Между двух революций. Книга 3
Шрифт:
И когда он пылал увлеченьем, «кумиры», которыми он с таким мастерством оперировал в книгах, отодвигались на задний план (Пушкин, Печерин и Огарев); господствовали минутные увлечения, не попадавшие в книги; и ими не раз он грешил, потому что в минуту своих обуянностей был как слепой; путал даже не так, как большой, а как маленький, в драку вступивший ребенок; считаю несчастным, но, к счастью, минутным заскоком составленный некогда им сборник «Вехи»;242 хотел он сказать «нет» кадетской общественности; а повел себя, как черносотенник; вскоре по выходе «Вех» Гершензон испугался того, что наделал;243 позднее о «Вехах» — ни слова; ни слова и я, потому что я понял: хотел-то он выскочить из интеллигенции; и сослепа выскочил не туда; его подлинная природа сказалась поздней:
В увлечениях жгучего темперамента он, изумительный аналитик начала прошедшего века, делал в своей специальности порою даже не ошибки, а просто чудовищности, смешивая стихи Боратынского с пушкинскими244, сочиняя пушкинские несуществующие любви иль отрицая в Пушкине лучшую фазу его творчества; но для знавших близко М. О. Гершензона оборотной стороною ошибок был пламень неистовства, Щеголевым не ведомый; и за этот-то пламень мы так любили его; в груди маленького человечка с лицом академика — грохотали Этны какие-то; я позднее его называл мифическим Рюбецалем245, — духом горных стихии; и он жил для меня точно в горной пещере, а не в кабинетике; его любимые книги — казались не книгами, а камнями, струящими мудрость; входите, и — попадаете в лепеты живомыслия: прядает живомыслием он; прядают живомыслием стены; и прядают живомыслием книги, которые он открывает; забудешь, откуда пришел; и минутный забег — полуторачасовое сидение; и уже зов:
— «Завтракать!»
Понял поздней, что прибег ко мне Гершензона, его приглашение работать с ним — не вопреки бешенству моих тогдашних статей, а — благодаря ему; как Малевич позднее пленил его парадоксом квадратов, так точно статьи мои, перешедшие грани дозволенного, очень живо задели его; темперамент откликнулся на темперамент; сколько раз позднее он, уравновешенно-мудрый, меня подстрекал к кавардакам — вплоть до последней лекции о Пушкине: в скучном «Гахне»;246 он сетовал на меня за «приличие» моей лекции:
— «Я же вас затащил читать, думая, что вы устроите там кавардак, что поставите все вверх дном; надо было заухать; скучная публика собирается в „Гахне“: какие-то рыбы, — не люди».
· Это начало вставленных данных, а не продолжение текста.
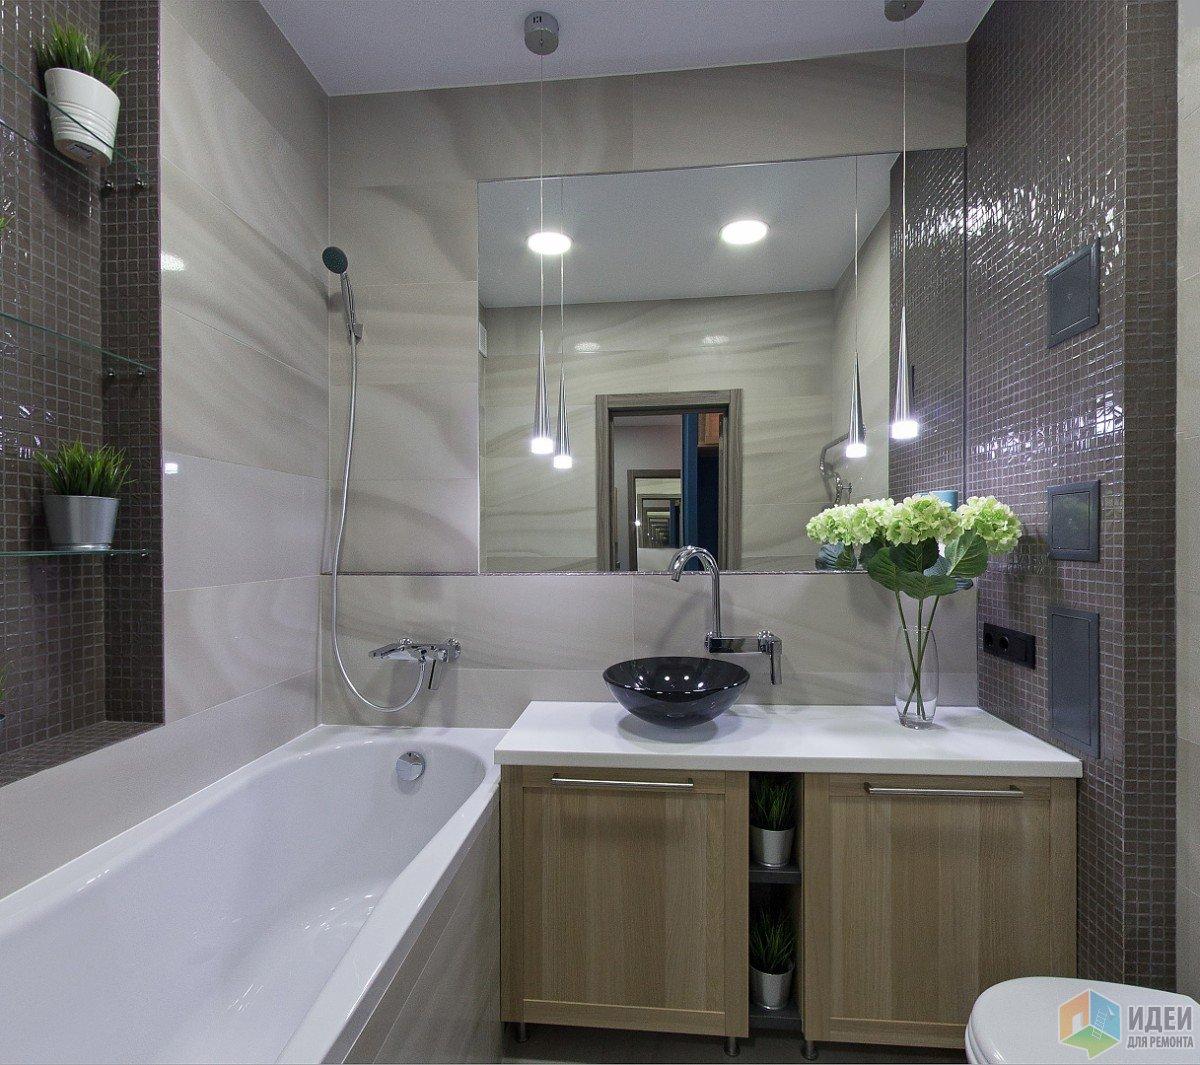 Обслуживание слива в ванной, через дырку в боковом отверстии шкафа

Но я, признаться, видя сонную «рыбину» в лице профессора N, заразился вялостью от него; и этим огорчил Гершензона, ждавшего от меня, может быть, фиги — в нос профессуре.
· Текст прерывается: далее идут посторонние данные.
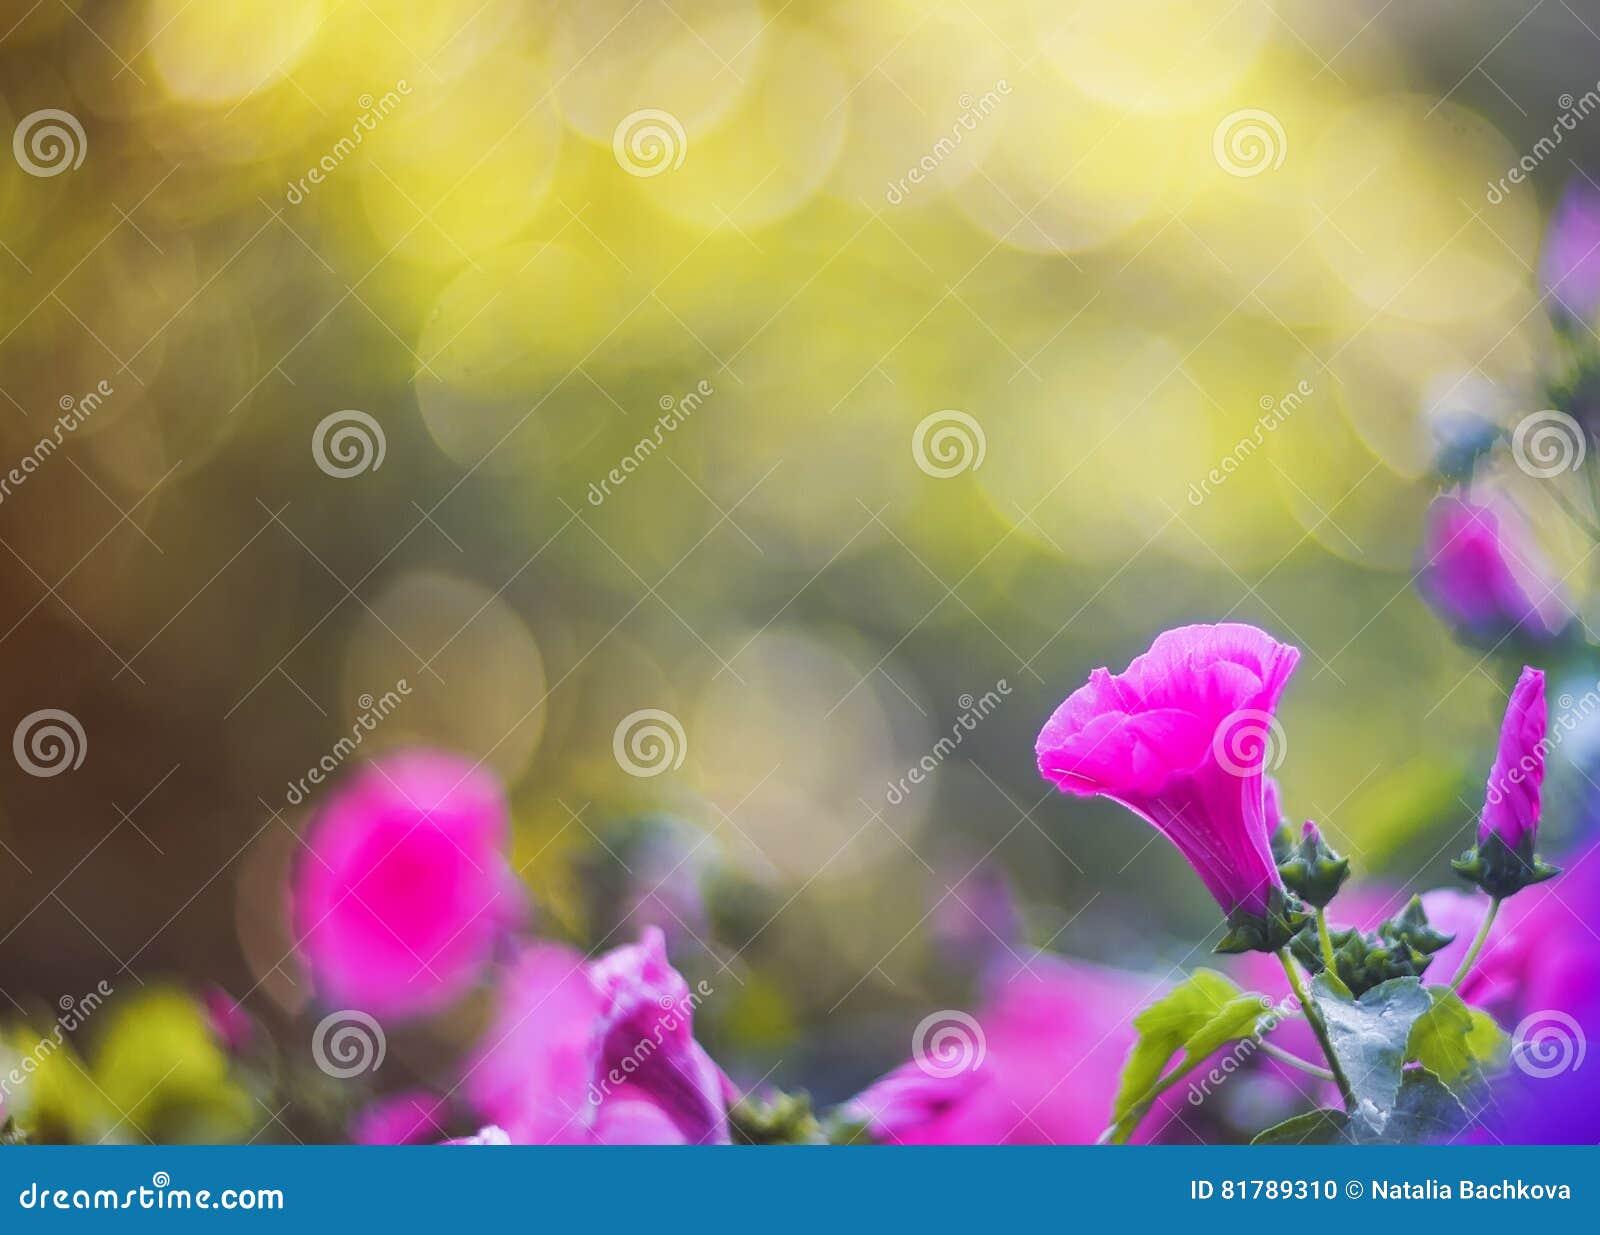 Naturalny tło fragrant menchia kwiaty, błyszczący deszcz i słońca świecenie,

Бывало, когда ни придешь, он набьет папиросу, с улыбкой протянет:
— «Курите!»
Он стал мне родным; он на все «мое» откликался: и мыслью, и чувством, и волей к добру, в нем живой; так складывались отношения, которыми счастлив я: почти семнадцать лет ясных, сердечных отношений — не шутка.
Квартира М. О. Гершензона напоминала мне лавочку архивариуса; здесь средь ветоши глупых книжонок (их роль — заметать следы книжищ) хранилися ценности; здесь среди так себе брошенных камушков вспыхивали редчайшие перлы; то — брызнь словесных плевков Гершензона над папиросами, не уплотненных в книжную мысль; когда философствовал в книгах, то философия его бледнела пред этими случайными вспыхами меж дымочком, бросаемым темными губами его: мне в нос.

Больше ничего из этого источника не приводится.